• REQUIREMENT
From the first line to the last, write out the records exactly.

• ENTRIES SHOWN
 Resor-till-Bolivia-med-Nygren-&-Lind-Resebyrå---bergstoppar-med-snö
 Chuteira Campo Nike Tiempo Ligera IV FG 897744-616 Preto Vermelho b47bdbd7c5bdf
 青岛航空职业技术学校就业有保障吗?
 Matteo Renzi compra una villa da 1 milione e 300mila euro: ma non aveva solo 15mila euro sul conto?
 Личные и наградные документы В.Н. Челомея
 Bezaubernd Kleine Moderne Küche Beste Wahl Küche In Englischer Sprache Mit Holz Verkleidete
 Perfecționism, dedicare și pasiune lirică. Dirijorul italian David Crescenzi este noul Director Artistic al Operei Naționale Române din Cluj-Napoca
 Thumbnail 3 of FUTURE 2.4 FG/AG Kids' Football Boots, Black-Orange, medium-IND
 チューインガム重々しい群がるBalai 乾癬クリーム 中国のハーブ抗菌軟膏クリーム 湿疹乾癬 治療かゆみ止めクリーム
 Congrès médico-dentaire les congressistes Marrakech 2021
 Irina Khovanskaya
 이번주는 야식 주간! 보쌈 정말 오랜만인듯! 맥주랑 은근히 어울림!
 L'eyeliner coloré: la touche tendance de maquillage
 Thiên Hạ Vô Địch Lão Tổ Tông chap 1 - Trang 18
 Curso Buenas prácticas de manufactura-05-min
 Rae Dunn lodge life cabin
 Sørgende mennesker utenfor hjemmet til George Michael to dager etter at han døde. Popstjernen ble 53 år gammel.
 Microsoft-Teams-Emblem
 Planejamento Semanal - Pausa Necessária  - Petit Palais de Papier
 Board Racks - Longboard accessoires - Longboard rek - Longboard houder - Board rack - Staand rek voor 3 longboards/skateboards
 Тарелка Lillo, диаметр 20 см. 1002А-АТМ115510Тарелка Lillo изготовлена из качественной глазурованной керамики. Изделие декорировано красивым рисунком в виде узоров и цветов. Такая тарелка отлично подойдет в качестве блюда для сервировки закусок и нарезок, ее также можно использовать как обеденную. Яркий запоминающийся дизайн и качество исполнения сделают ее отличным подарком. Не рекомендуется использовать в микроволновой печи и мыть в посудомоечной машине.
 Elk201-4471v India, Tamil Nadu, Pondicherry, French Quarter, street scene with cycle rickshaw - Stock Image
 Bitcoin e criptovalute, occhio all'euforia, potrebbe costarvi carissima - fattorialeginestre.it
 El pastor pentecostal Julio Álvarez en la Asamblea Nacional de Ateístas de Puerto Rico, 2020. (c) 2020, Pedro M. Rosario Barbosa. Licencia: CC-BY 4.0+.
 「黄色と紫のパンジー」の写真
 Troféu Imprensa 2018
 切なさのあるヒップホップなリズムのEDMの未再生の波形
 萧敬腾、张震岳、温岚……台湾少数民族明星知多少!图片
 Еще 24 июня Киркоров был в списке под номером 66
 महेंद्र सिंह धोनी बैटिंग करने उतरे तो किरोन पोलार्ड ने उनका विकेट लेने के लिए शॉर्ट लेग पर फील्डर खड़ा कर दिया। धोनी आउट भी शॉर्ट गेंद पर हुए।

• EXERCISE ANSWER
 Resor-till-Bolivia-med-Nygren-&-Lind-Resebyrå---bergstoppar-med-snö
 Chuteira Campo Nike Tiempo Ligera IV FG 897744-616 Preto Vermelho b47bdbd7c5bdf
 青岛航空职业技术学校就业有保障吗?
 Matteo Renzi compra una villa da 1 milione e 300mila euro: ma non aveva solo 15mila euro sul conto?
 Личные и наградные документы В.Н. Челомея
 Bezaubernd Kleine Moderne Küche Beste Wahl Küche In Englischer Sprache Mit Holz Verkleidete
 Perfecționism, dedicare și pasiune lirică. Dirijorul italian David Crescenzi este noul Director Artistic al Operei Naționale Române din Cluj-Napoca
 Thumbnail 3 of FUTURE 2.4 FG/AG Kids' Football Boots, Black-Orange, medium-IND
 チューインガム重々しい群がるBalai 乾癬クリーム 中国のハーブ抗菌軟膏クリーム 湿疹乾癬 治療かゆみ止めクリーム
 Congrès médico-dentaire les congressistes Marrakech 2021
 Irina Khovanskaya
 이번주는 야식 주간! 보쌈 정말 오랜만인듯! 맥주랑 은근히 어울림!
 L'eyeliner coloré: la touche tendance de maquillage
 Thiên Hạ Vô Địch Lão Tổ Tông chap 1 - Trang 18
 Curso Buenas prácticas de manufactura-05-min
 Rae Dunn lodge life cabin
 Sørgende mennesker utenfor hjemmet til George Michael to dager etter at han døde. Popstjernen ble 53 år gammel.
 Microsoft-Teams-Emblem
 Planejamento Semanal - Pausa Necessária  - Petit Palais de Papier
 Board Racks - Longboard accessoires - Longboard rek - Longboard houder - Board rack - Staand rek voor 3 longboards/skateboards
 Тарелка Lillo, диаметр 20 см. 1002А-АТМ115510Тарелка Lillo изготовлена из качественной глазурованной керамики. Изделие декорировано красивым рисунком в виде узоров и цветов. Такая тарелка отлично подойдет в качестве блюда для сервировки закусок и нарезок, ее также можно использовать как обеденную. Яркий запоминающийся дизайн и качество исполнения сделают ее отличным подарком. Не рекомендуется использовать в микроволновой печи и мыть в посудомоечной машине.
 Elk201-4471v India, Tamil Nadu, Pondicherry, French Quarter, street scene with cycle rickshaw - Stock Image
 Bitcoin e criptovalute, occhio all'euforia, potrebbe costarvi carissima - fattorialeginestre.it
 El pastor pentecostal Julio Álvarez en la Asamblea Nacional de Ateístas de Puerto Rico, 2020. (c) 2020, Pedro M. Rosario Barbosa. Licencia: CC-BY 4.0+.
 「黄色と紫のパンジー」の写真
 Troféu Imprensa 2018
 切なさのあるヒップホップなリズムのEDMの未再生の波形
 萧敬腾、张震岳、温岚……台湾少数民族明星知多少!图片
 Еще 24 июня Киркоров был в списке под номером 66
 महेंद्र सिंह धोनी बैटिंग करने उतरे तो किरोन पोलार्ड ने उनका विकेट लेने के लिए शॉर्ट लेग पर फील्डर खड़ा कर दिया। धोनी आउट भी शॉर्ट गेंद पर हुए।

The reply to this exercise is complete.